We searched for papers about 3D talking heads in the Google Scholar database. During the screening process, we employed the following keywords and word combinations: 3D talking head, 3D talking face generation, audio-driven 3D talking face, applications, VR, AR, MR, telepresence, XR, and others. The search resulted in 96 articles, of which 19 were from our previous research. Then, 75 were excluded based on the following criteria: articles published more than 5 years ago (5), review articles (2), extended abstracts (2 pages in total) (6) or additional materials (Appendix A) (3) and based on a head model, not fully 3D (59). Finally, the content of 21 articles was examined in detail; these articles were considered as the most relevant on the topic and included in the review of 3D talking head algorithm application as of a telecommunication system.
1.4. Paper Structure
The structure of the article is illustrated in Figure 2. Section 1 contains a brief introduction to the topic. In Section 2, the talking head animation representation in Shared Virtual Environments for this research is given. Section 3 presents assessment criteria for 3D talking head algorithm applications in Shared Virtual Environments. Finally, the article is concluded in Section 4.
Figure 2.
Paper structure. The article is divided into five sections: Introduction, two sections where the main contributions of the article are presented and a Conclusion.
3. Assessment at 3D Talking Head Algorithms in SVE
In the evaluation of 3D talking head algorithms for their application in Shared Virtual Environments, it is crucial to delve into their capabilities and suitability across diverse VEs. In this section, we review the talking head algorithms based on the criteria we have introduced so far. To comprehensively present their performance, Table 4 offers a detailed overview covering a set of criteria presented in Table 3, their focus in terms of their understanding of improving realism, and computational resources, where presented by the authors. It is essential to note that these three interrelated components together form a multidimensional evaluation framework for talking head algorithms. These methods aim to achieve heightened realism and seamless integration within diverse SVEs, and the assessment encompasses all aspects to ensure their effective deployment.

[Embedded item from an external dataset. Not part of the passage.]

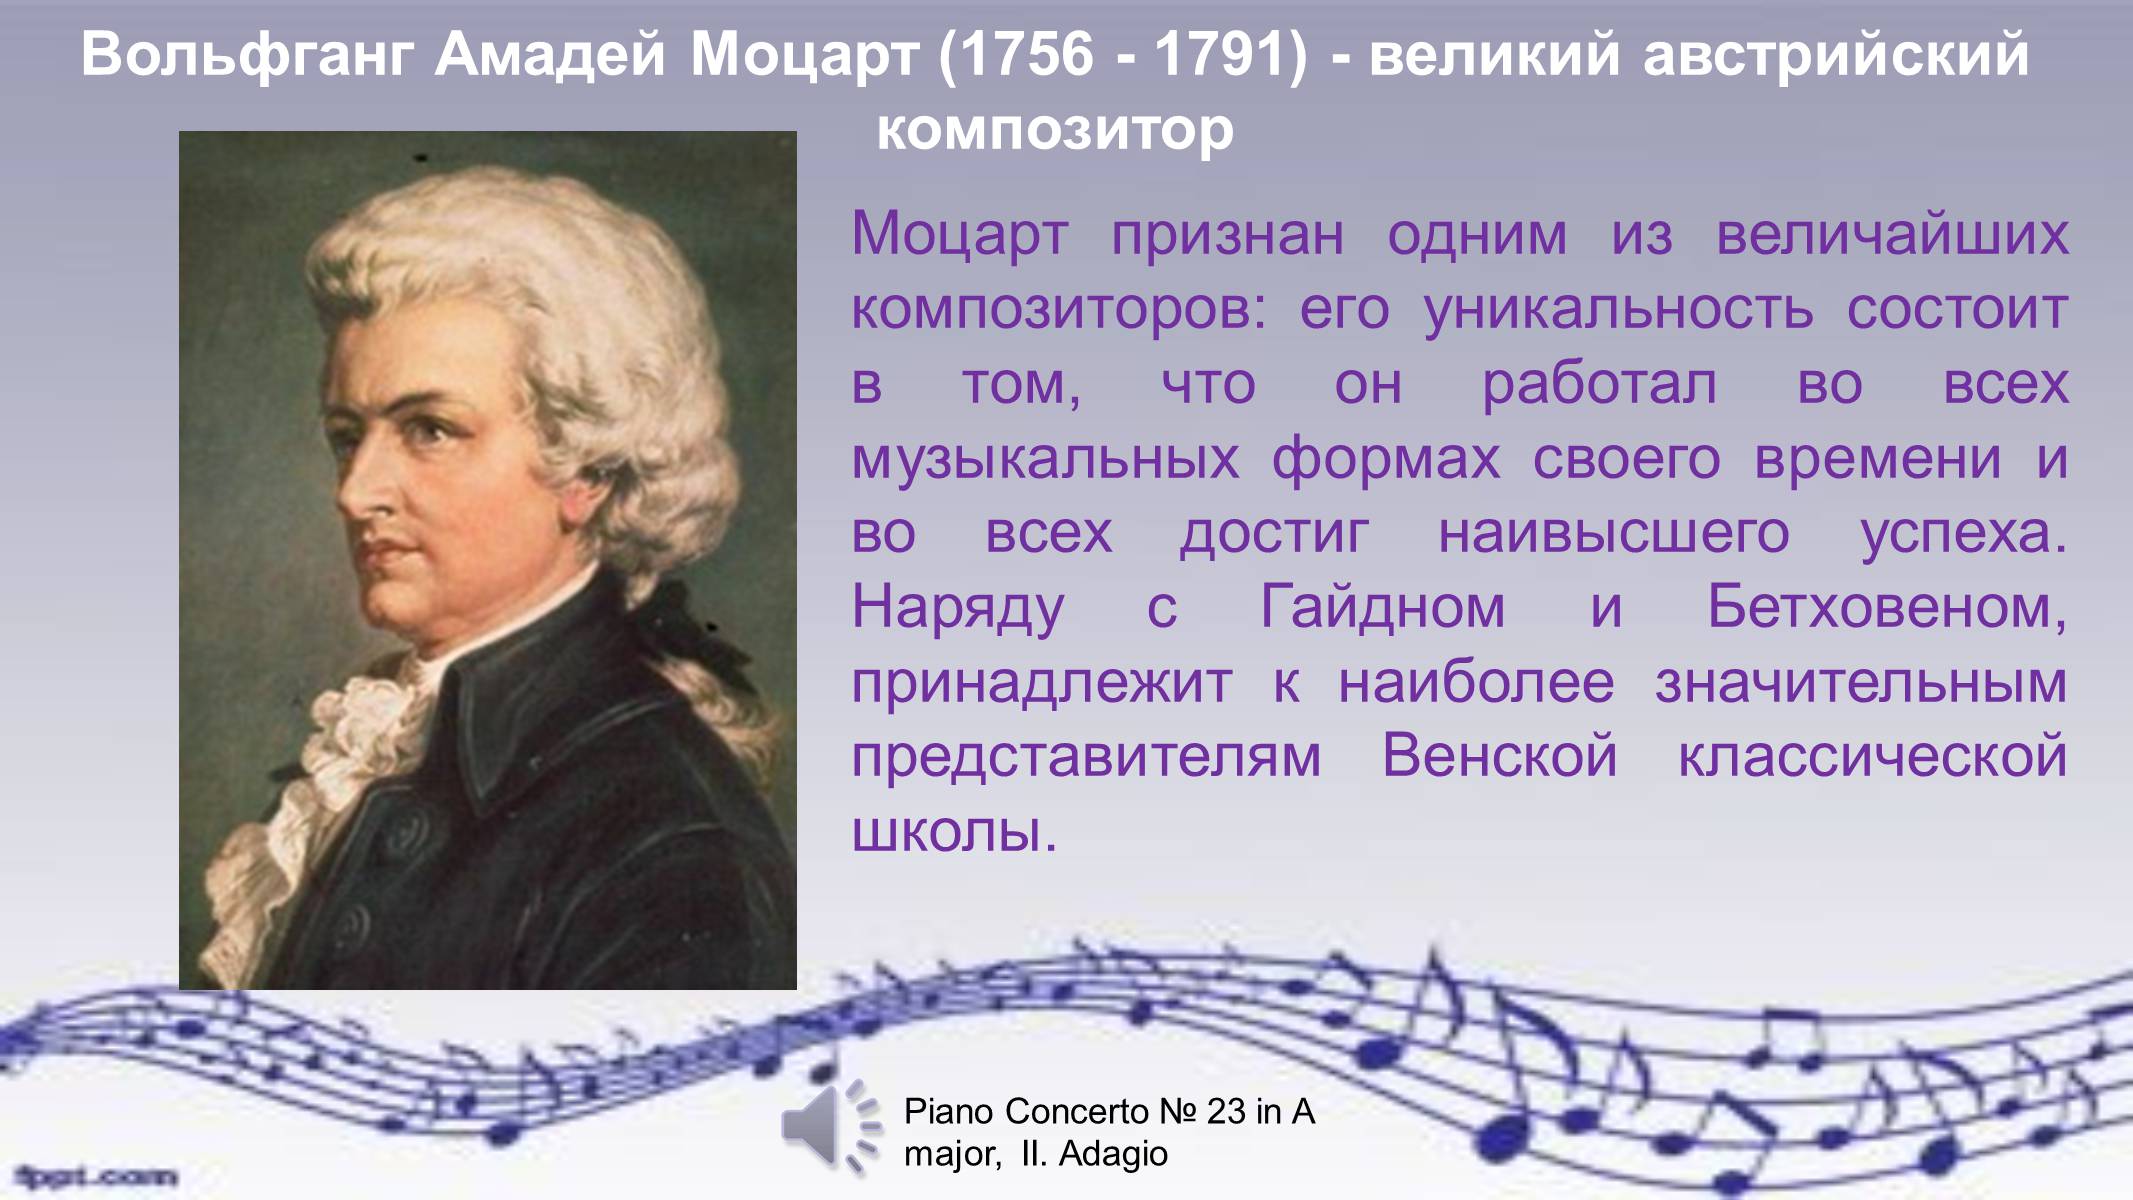 Жизнь и творчество в а моцарта. Моцарт Великий композитор. Биография Моцарта.
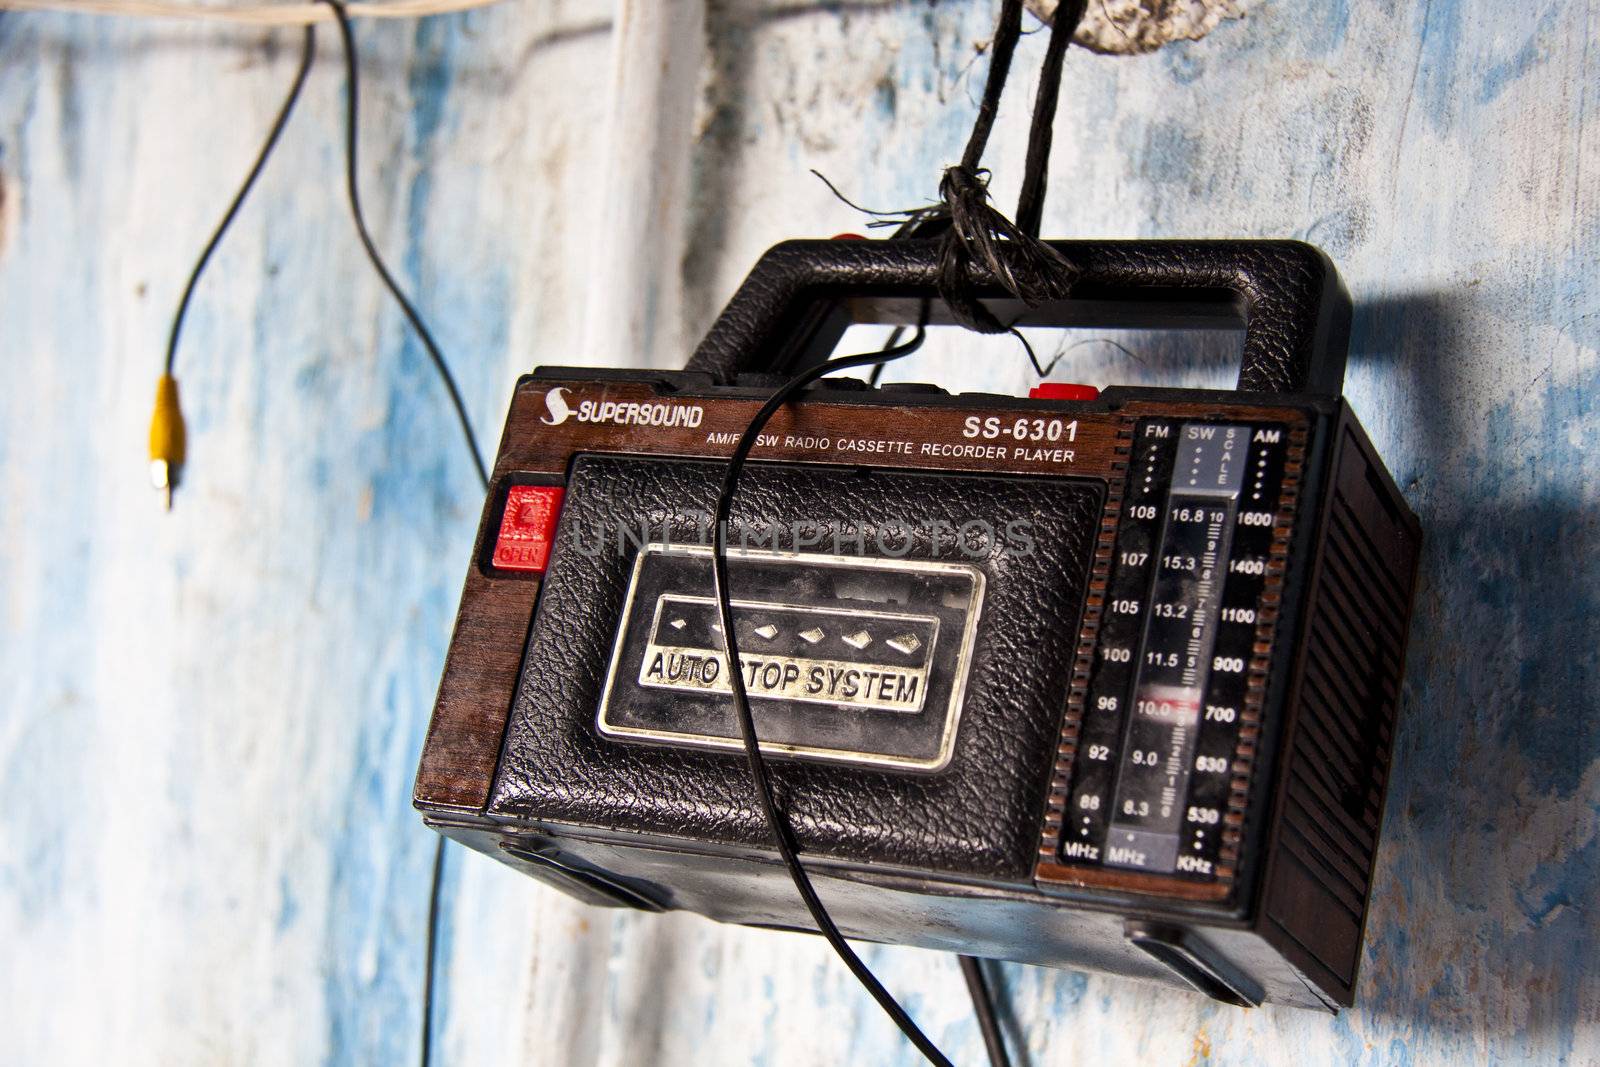 Retro cassette player by kasto

3.1. Realism Implementation
Also, it is of particular importance to derive information about user perception through user studies related to the generated talking heads [57,108]. Such an evaluation of the interaction between the virtual characters and the user reveals details and possible problems, the resolution of which would contribute to a more immersive and engaging user experience. Striving for excellence, the result of the talking head algorithm needs to be as realistic as possible. This need for a comprehensive set of strategies is required to be employed throughout the development process. This requires a set of comprehensive approaches that need to be used throughout the development process. These strategies are aimed at enhancing different aspects of realism and immersion, contributing to the creation of a convincing and engaging virtual experience using realistic audio-visual fusion [109], facial expressions and head pose consistency [116], 3D facial animation [103,106], synchronized audio and high-resolution 3D sequences [114], coherent poses and motion matching speech [107,111], lip synchronization and realistic expressions [58,61,62,113], audio quality and spatial realism [60], highly realistic motion synthesis [63], emotion transfer and user perception [108], improved visual appearance [57], realistic representation and spatial alignment [59].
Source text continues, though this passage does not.